5.2 Tiger Mosquito over Europe

The tiger mosquito (Aedes albopictus) is a vector species for many different viruses including those responsible for dengue fever, Zika and chikungunya. The natural habitat of this species was limited in the past, however, in the recent time, this species has spread to many countries through the transport of goods and international travel e.g. shipping routes or similar (Benedict, Levine, Hawley, & Lounibos, 2007; Da Re, Montecino-Latorre, Vanwambeke, & Marcantonio, 2021). The R package dynamAedes contains stochastic, time-discrete and spatially-explicit population dynamical models for Aedes sp. invasive species (Da Re, Van Bortel, et al., 2021).

We can obtain occurrences of the Aedes albopictus by either using the rgbif::occ_data function, or by downloading the CSV file from the GBIF website. A local copy of the occurrences for Europe can be loaded by using:

## occ = rgbif::occ_data(taxonKey=1651430, hasCoordinate = TRUE, year = '2000,2022')
occ = readRDS("./input/gbif_aedes_albopictus_mood.rds")
str(occ)
#> 'data.frame':    13834 obs. of  9 variables:
#>  $ occurrenceID                 : chr  "https://observation.org/observation/226030224" "https://observation.org/observation/229897504" "https://observation.org/observation/222737616" "https://observation.org/observation/221356176" ...
#>  $ scientificName               : chr  "Aedes albopictus (Skuse, 1894)" "Aedes albopictus (Skuse, 1894)" "Aedes albopictus (Skuse, 1894)" "Aedes albopictus (Skuse, 1894)" ...
#>  $ individualCount              : num  1 1 1 1 10 125 22 3 2 2 ...
#>  $ Date                         : Date, format: "2021-09-21" "2021-07-22" ...
#>  $ coordinateUncertaintyInMeters: num  43 25 356 4 NA NA NA NA NA NA ...
#>  $ decimalLongitude             : num  3.206 -0.349 4.863 -0.647 12.726 ...
#>  $ decimalLatitude              : num  42 43.3 45.8 38.1 42.1 ...
#>  $ Year                         : int  2021 2021 2021 2021 2020 2020 2020 2020 2020 2020 ...
#>  $ olc_c                        : chr  "8FH5X6G4+VF3" "8CMX8M42+Q8G" "8FQ6QVW7+M8J" "8CCX49J3+95Q" ...
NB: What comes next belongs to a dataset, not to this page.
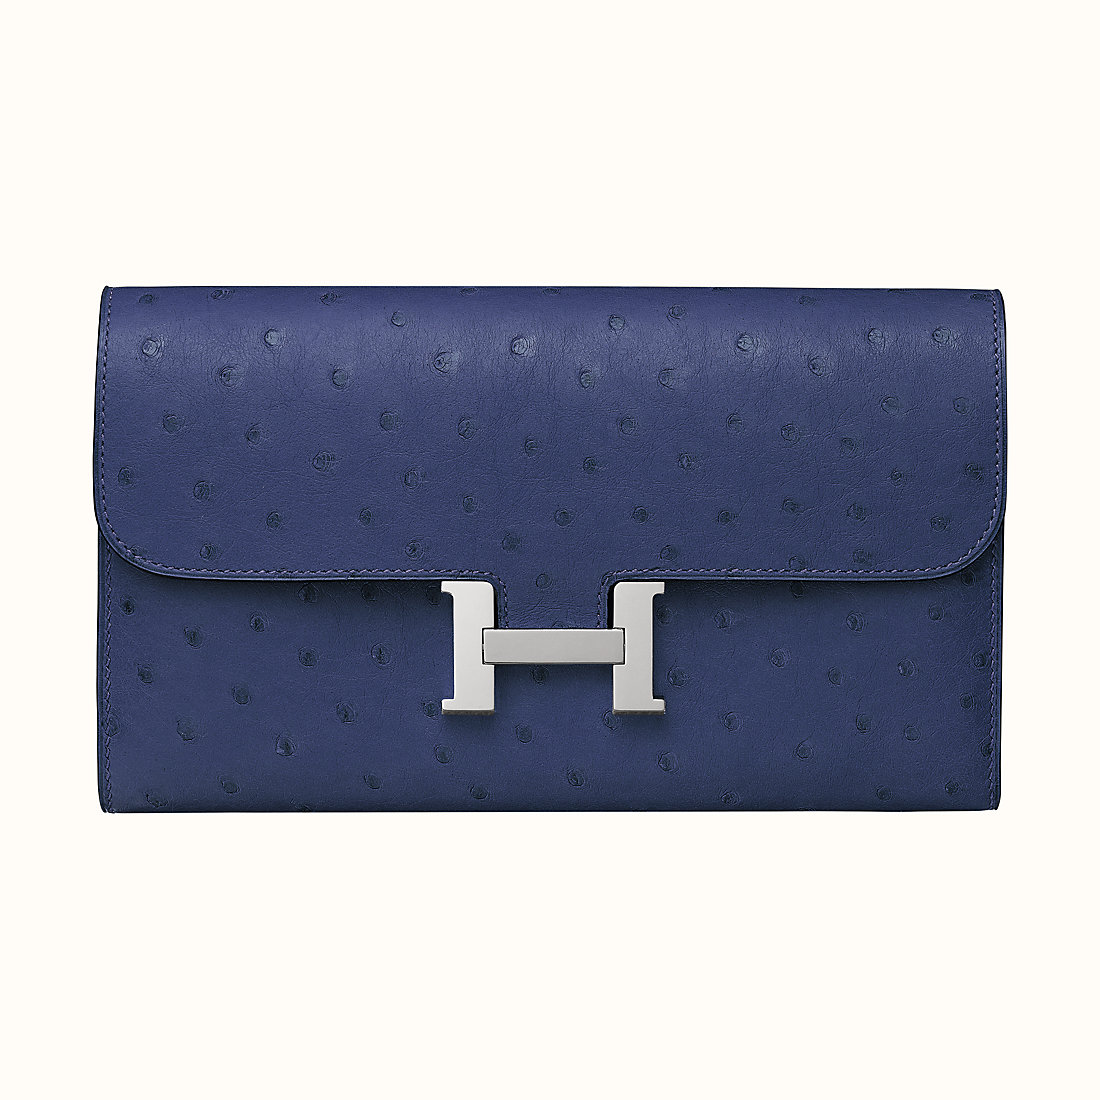 愛馬仕長錢包 Hermes Constance long wallet CK73 Bleu Saphir 寶石藍

To visualize the mosquito point data over Europe we can use e.g.:

library(spacetime)
library(plotKML)
sp_ST <- STIDF(SpatialPoints(occ[,c("decimalLongitude", "decimalLatitude")], proj4string = CRS("EPSG:4326")), 
               occ$Date, data.frame(individualCount=occ$individualCount))
data(SAGA_pal)
## plot in Google Earth:
plotKML(sp_ST, colour_scale=SAGA_pal[[1]])

Figure 5.1: Spatiotemporal visualization of the GBIF occurrence records of the Tiger mosquito.

This shows that mosquito seems to be concentrated in the southern Europe, primarily along coast-line, although some adults have been spotted also in the Northern Europe. Note also that the mosquito seems to be continuously spreading across Europe, however, we are not sure if this is also just because there are more records in GBIF coming from the last 5 years.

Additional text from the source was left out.